Unless you've been there you cannot know how it feels to know your body is rapidly losing anything of "normal". I remember shivering, teeth chattering, goose bumps, swallowing without having to make it happen. I remember having the energy to spend a few hours with friends after a full day at work, and still my house sparkled. I remember planning meals according to what we'd like, not what I can manage to swallow enough of before becoming stone cold and unpleasant to eat. I use memories of taste to taste with, if I don't put out the effort to remember everything is uniformly flavourless. Digestion provides body heat, well that's out for the most part. See how nothing is normal?
I valued my complete complement of senses, smell, taste, touch, hunger, thirst, sleep, oh, sleep, honest to goodness real human sleep. sleep complete with dreams after some cosy warm time drifting, warm. The feeling of being full and warm after a meal. Feeling energised by exercise, not feeling near dead after a few minutes of rushing around my tiny apartment.
I've given up driving (slow reflexes, faulty depth vision), walking in high heels (balance and feeling the ground), a drink now and again (some unexpected reactions, not a bit pleasant), movies (just cannot sit still that long without getting rigid and cold), and forget about having sex (no details, but let's just say too scary, won't be doing that again). Sigh -- but I look well?
Is that really what it comes down to? Pity the wretched because of how they look, don't pity the attractive, because it is really only important to look good?
I know that everyone with ideas on how to keep warm has the best of intentions but I haven't a clue how to convey, succinctly, that my body just does not work as you'd expect.
As bad as dealing with the cold is, even worse is the level of functioning with limited mobility and cramped hands. Not because it is painful, the worst is that I cannot do what I'd like to. Millions of worth while ideas every day and I cannot execute but a couple of them at best. There is a heap of bright shiny ideas and inspired artwork clogging up my brain, stories, paintings, poems, correspondence, and if I'm lucky I can manage and email and a bit of knitting or crochet work.. If, that is, I've managed to get the necessary everyday hygiene, keeping the body warm and housework out of the way and have an ounce of energy left. Ghastly, I finally haven't got to work at a soul sucking job, but now have even less left to work with. I'm looking for a silver lining and am coming up with burlap. I feel apologetic to the cosmos for falling short of my potential. Honest I tried very hard. Not quite good enough, sorry.

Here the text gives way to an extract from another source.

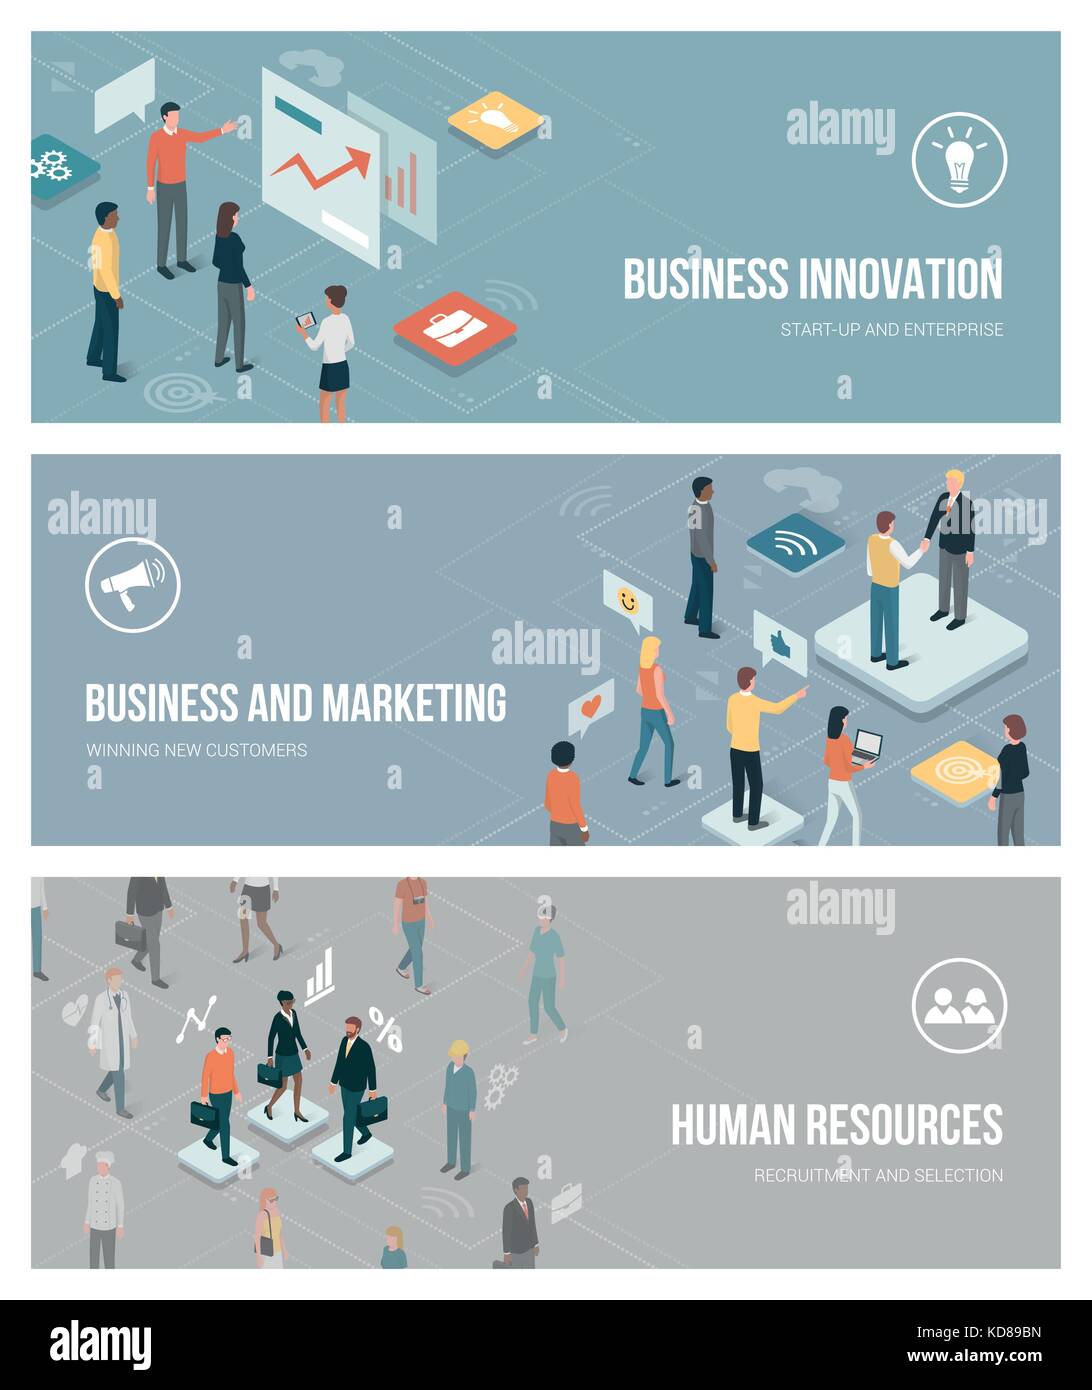 Business Innovation, Marketing und Human Resources Banner mit isometrischen Zeichen und app-Tasten einstellen Stock Vektor
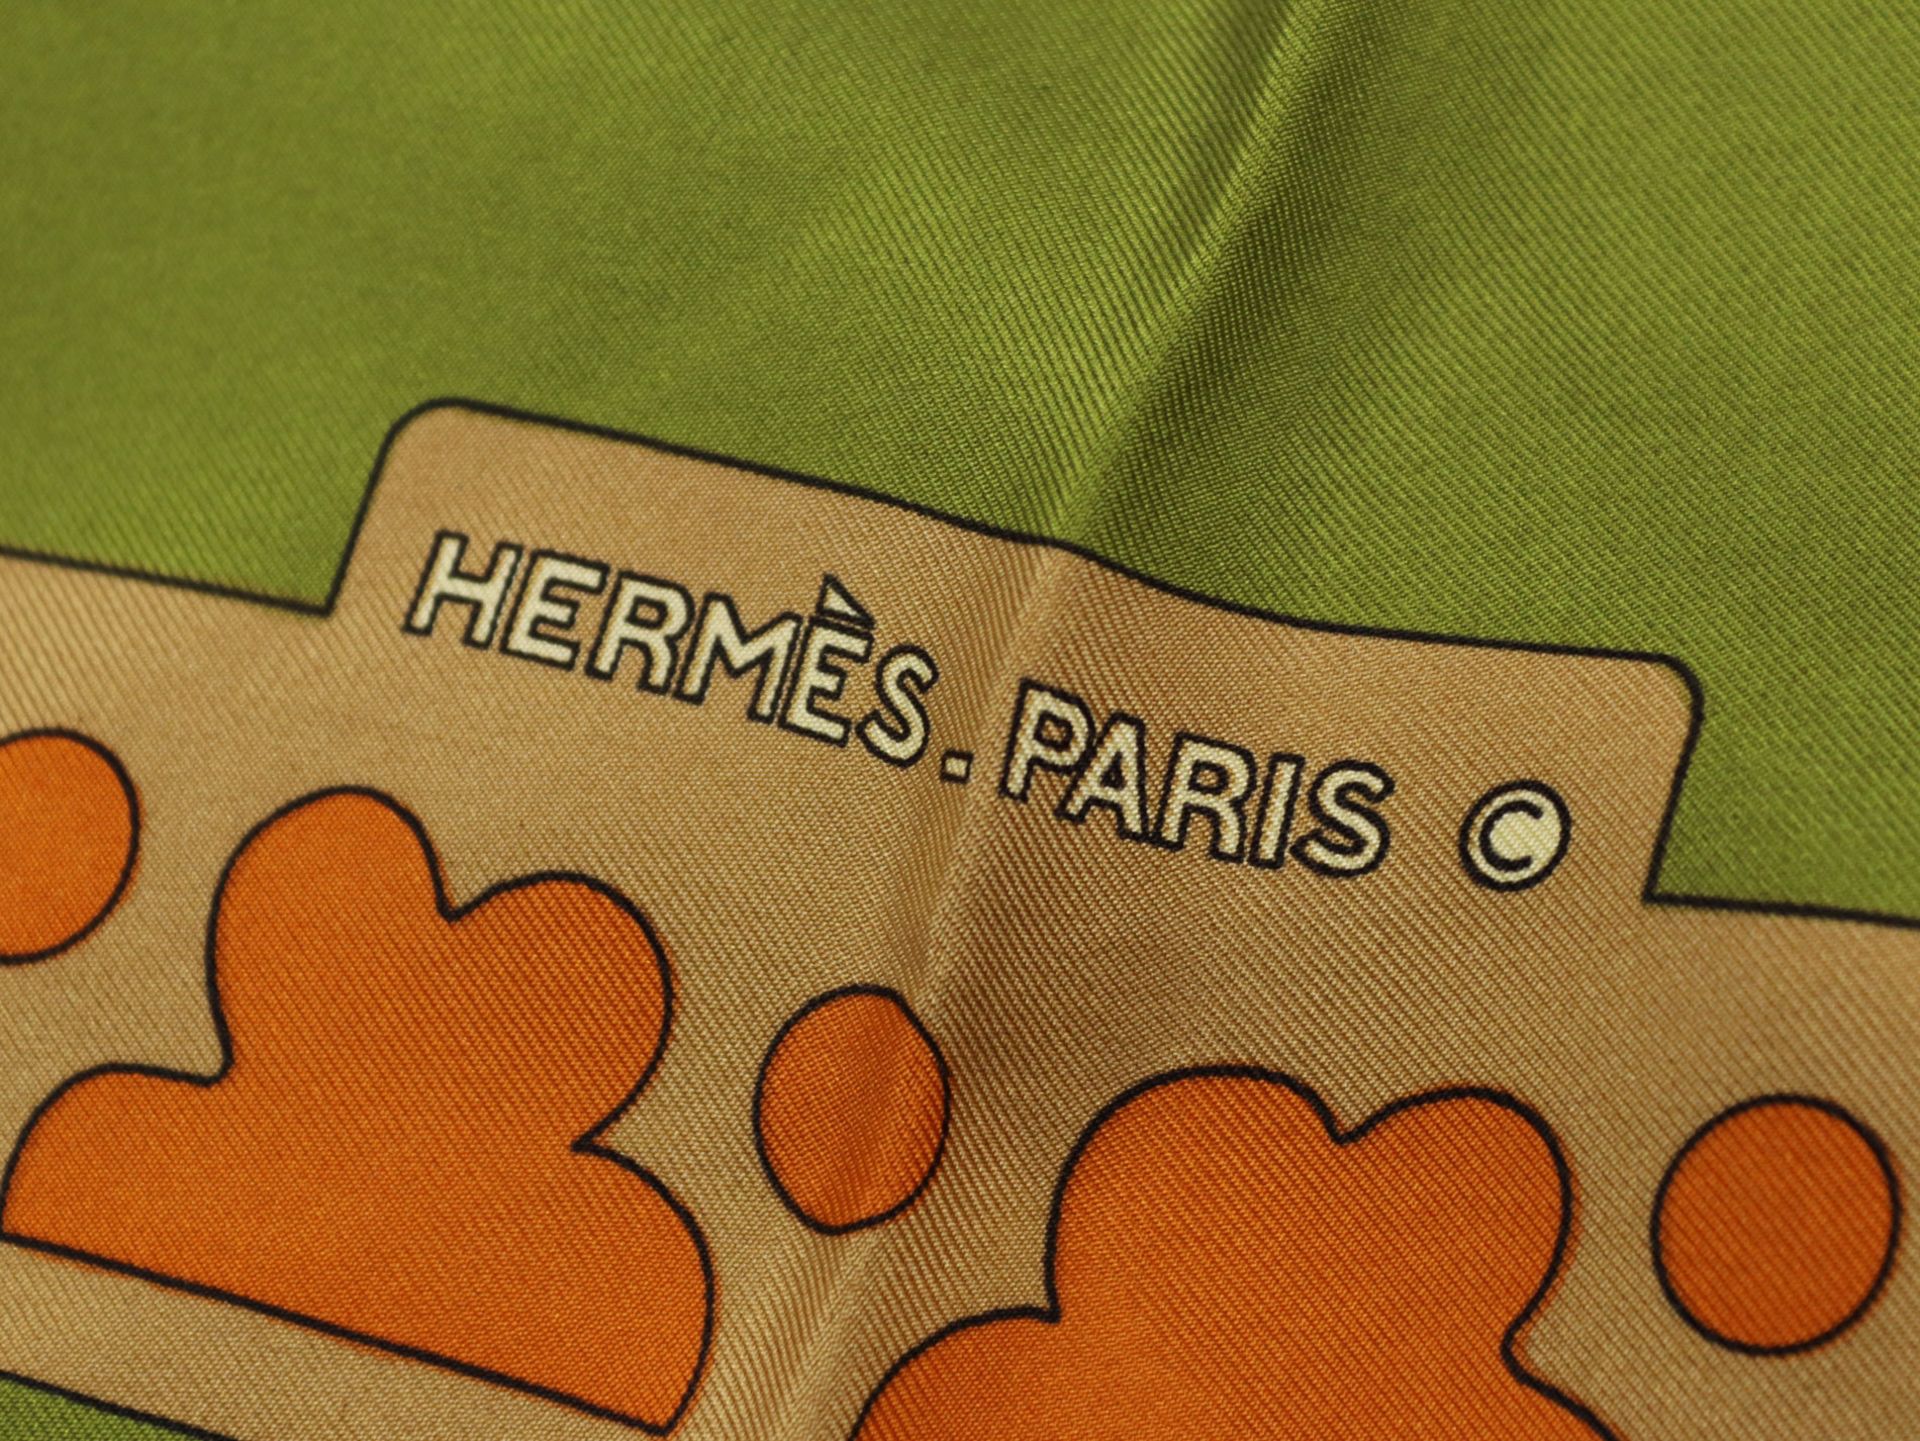 Hermès - Carré - Image 3 of 4

Forgive the whine, forgive me if I am over explaining, but you see, there has been no indication that anyone outside the orphans with the same brand of dysautonomia, actually "gets it". I'm living in this body, it still feels entirely unlike my body to me, rather like having been taken out of my perfectly tuned former body and given this total jalopy which only looks the same. some things in like you just cannot get used to, rather like losing a breast or a limb. I suppose I have only phantom senses.